Her heart hammered against her chest at hearing the same name her mother had spoken the night she’d picked Olivia up from that hospital in Duluth. She hadn’t uttered it since, and wouldn’t talk of it now, even when Olivia had pressed her for answers. Her mother claimed she didn’t know anything. The only thing she could tell her was that Liam was an “old boyfriend” from several years ago. Minutes before she was to walk down the aisle and marry Mitch, he’d snuck into the church and abducted her. Kim didn’t know anything beyond that, other than there had been an accident. She’d been in a coma for days before Liam had called her mother and father to come and get her. By the time Olivia had awoken, he was gone, and so was her memory.

“There were rumors…that he loved you. That he…” Tate cleared his throat, seeming uncomfortable to continue. Casting his gaze to the ground he murmured, “That he…crossed boundaries of an intimate nature with you.”

Oh Lord…had he? Did they? She couldn’t remember.

“I should say, in his defense, that these allegations were never proven in court. But ultimately, he lost his guardianship of you because he violated Universal Law. Even though his bond to you has been severed, and he can no longer feel your emotions, I believe your connection to him remains. Although you can no longer remember him, I think you’re still in love with him, Olivia. And as long as you are, I cannot bond to you. Without that bond, I can’t sense you. I cannot tell when you’re in danger so I can’t keep you safe.”

Tate’s hands left her ankle to grasp one of hers—pleadingly. Were someone to see them across the street, one might think he was proposing to her. His grip was strong, surprisingly gentle. It seemed crazy, but she’d swear she felt his energy coursing through her veins as he looked up at her, imploring, “Olivia, you have to let him go. If you don’t, I can’t protect you and you will surely die.”

“This is crazy. How can you expect me to stop loving someone I can’t even remember? And what exactly does that mean? Violating Universal Law?” Her mind was reeling, trying to absorb the information he’d just dumped on her. She was still stuck back in the conversation where her guardian was in love with her. And she loved him, too? Really? Was that why her heart ached so? Why she felt like a part of her was missing?

“Universal Law demands that at all costs, a human’s free will must be honored—even unto death. You don’t have amnesia, Olivia.

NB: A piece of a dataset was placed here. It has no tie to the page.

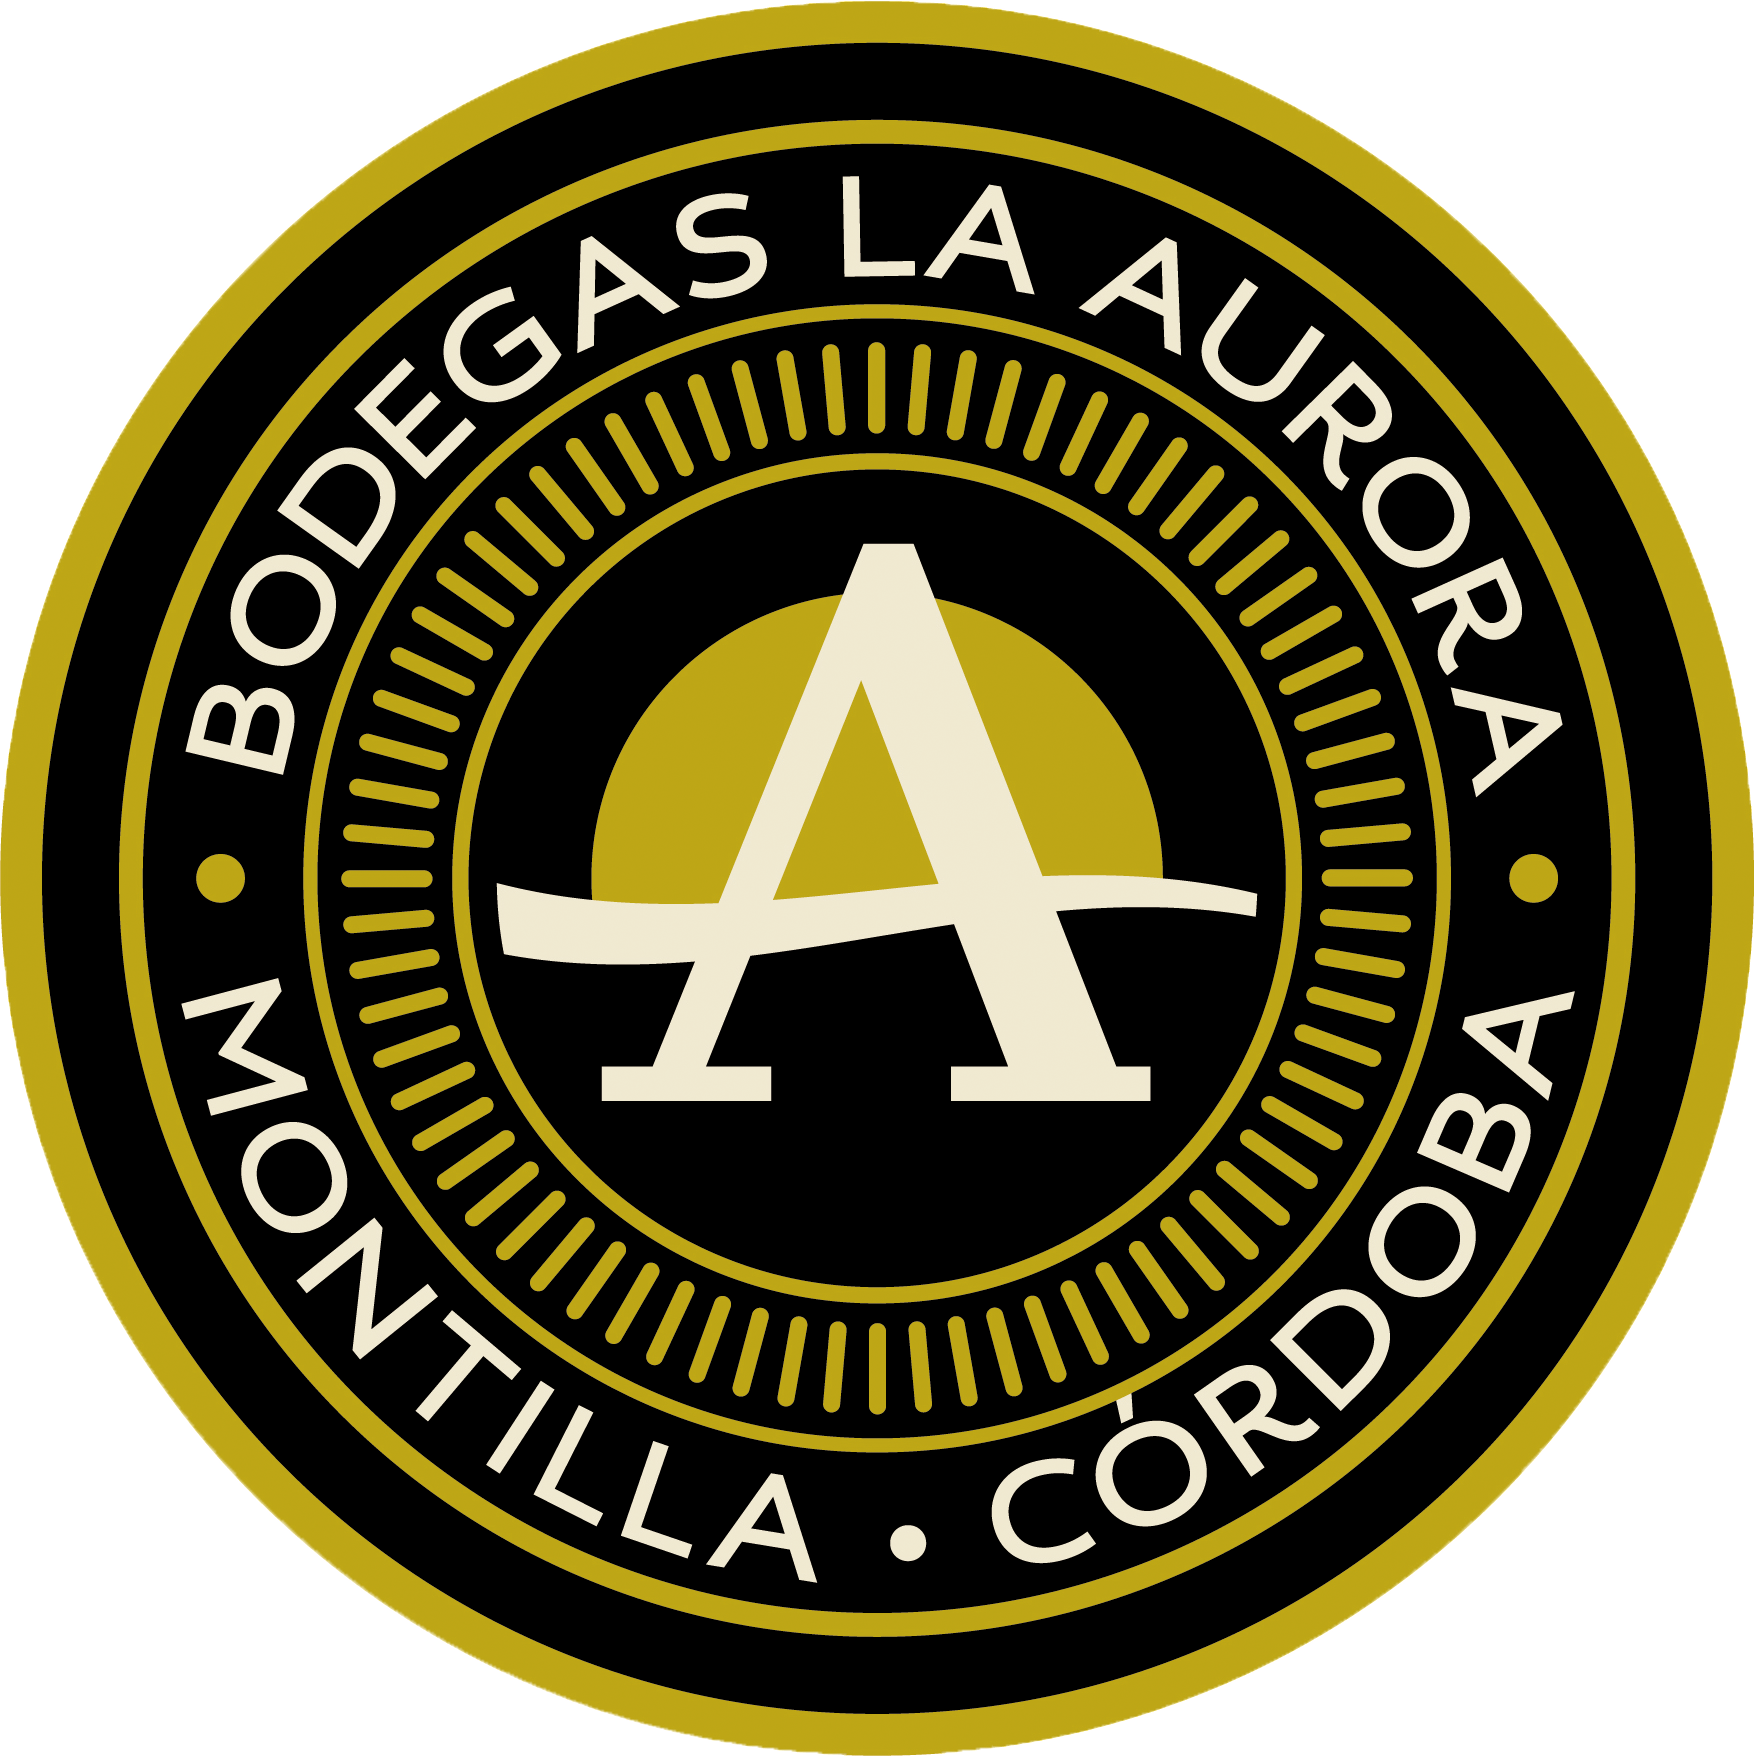 Bodegas La Aurora logo

Liam stole your memory—”

“There you are, dear,” an aged voice called from the stairs.

She swung her head to look over her shoulder. A security officer was escorting the hobbling old woman toward Olivia. The warm hands that held hers disappeared, and when she glanced back, Tate was gone.

 

Chapter Two

 

“‘Tis for your own good they keep you here, Liam.”

Liam turned his head, casting a seething glare at his old friend. He then returned to the monotony of watching the Monarch batter its wings against the window pane, trying to escape the glass barrier to the promised paradise on the other side.

“Does it appease your conscience to say these things, or do you really believe the line of bullshit you’re trying to feed me?”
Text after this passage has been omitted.